**EXERCISE BRIEF:** An exact copy of the lines of the listing below between the "Фрезер для маникюра" line and the "809 LAUREL VALLEY" line, both included, is the whole answer; please omit the pictures.

··· RECORD EXCERPTS

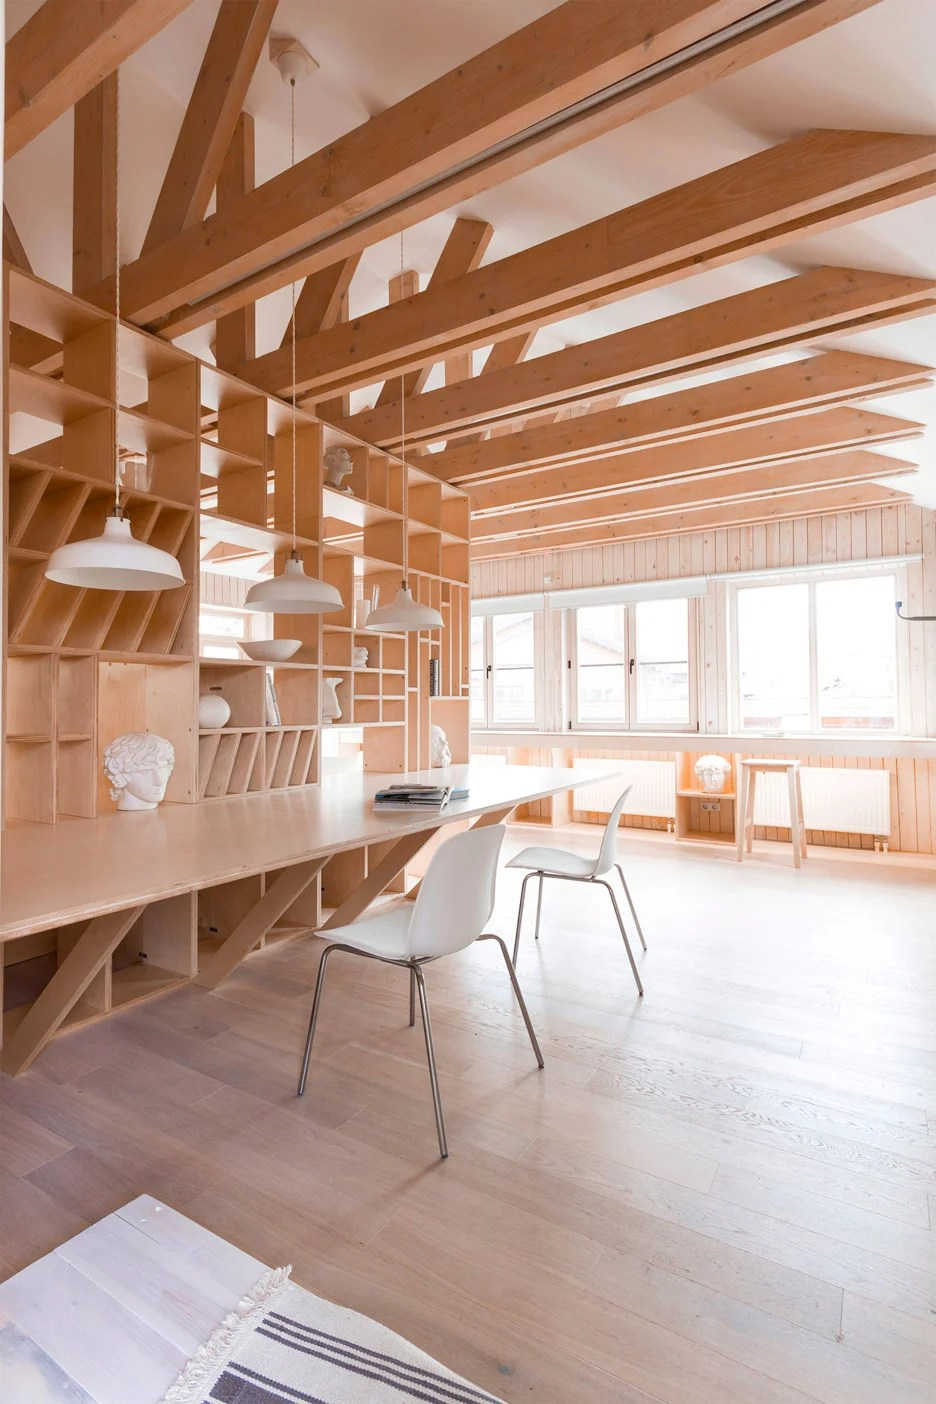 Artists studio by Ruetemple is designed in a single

······
··· RECORD EXCERPTS

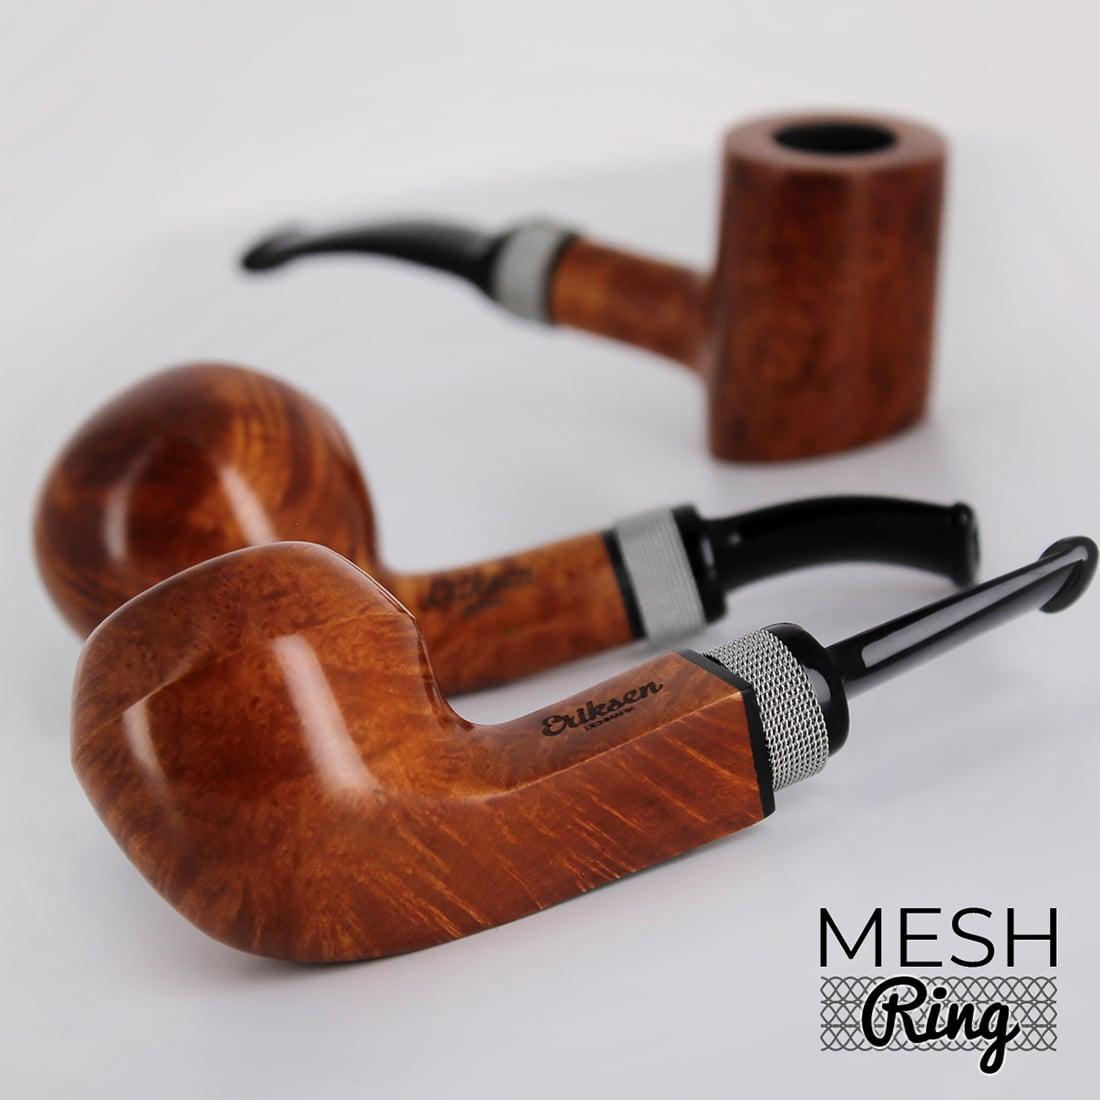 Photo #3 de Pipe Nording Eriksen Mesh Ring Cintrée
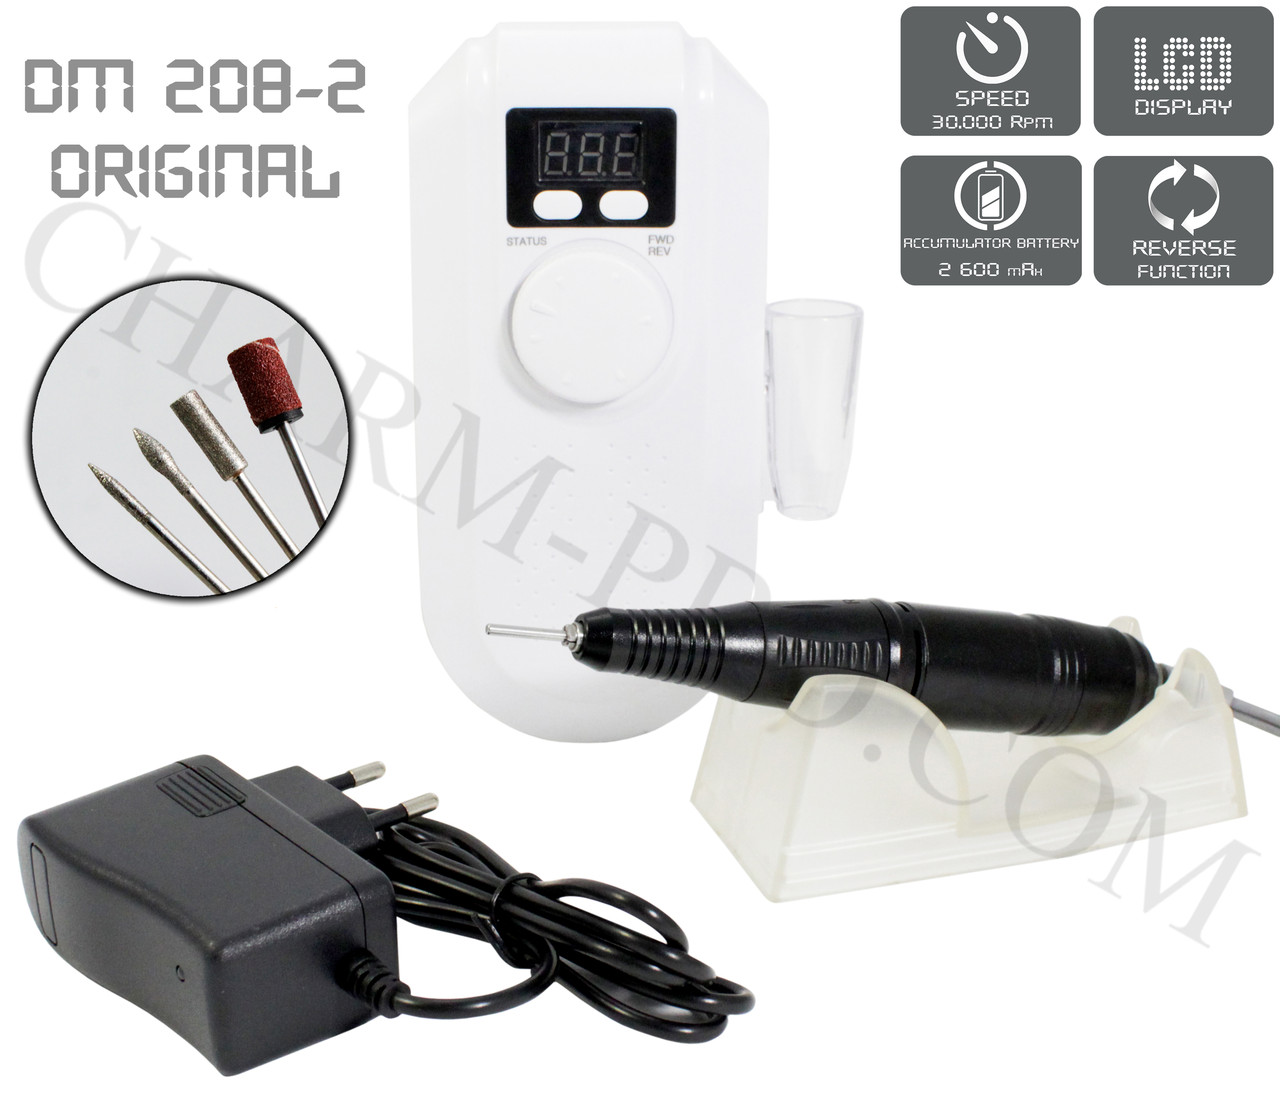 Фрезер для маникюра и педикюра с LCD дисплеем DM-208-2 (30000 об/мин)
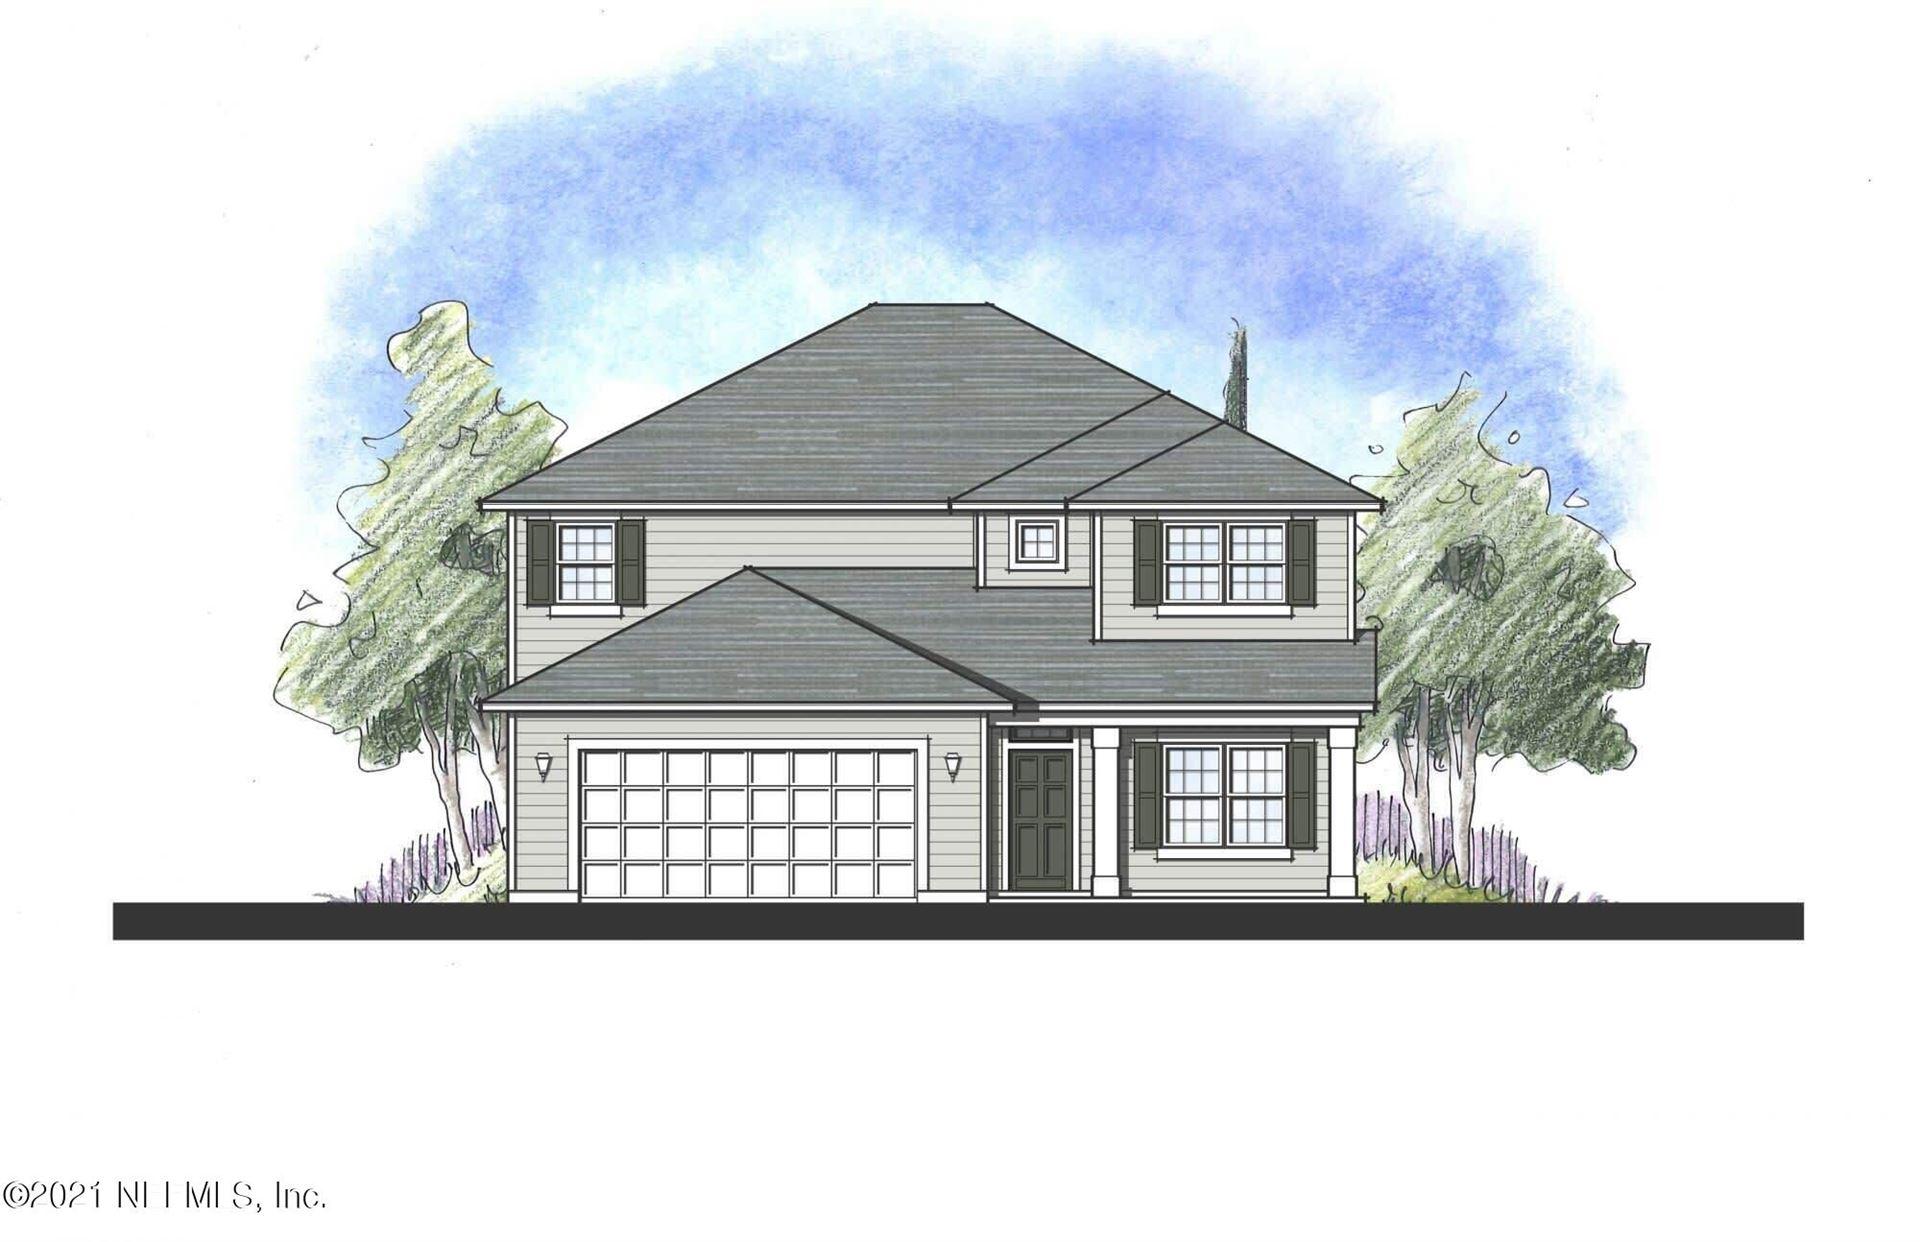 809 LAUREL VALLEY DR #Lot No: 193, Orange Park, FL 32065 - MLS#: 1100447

······

**RESPONSE:**
 Фрезер для маникюра и педикюра с LCD дисплеем DM-208-2 (30000 об/мин)
 809 LAUREL VALLEY DR #Lot No: 193, Orange Park, FL 32065 - MLS#: 1100447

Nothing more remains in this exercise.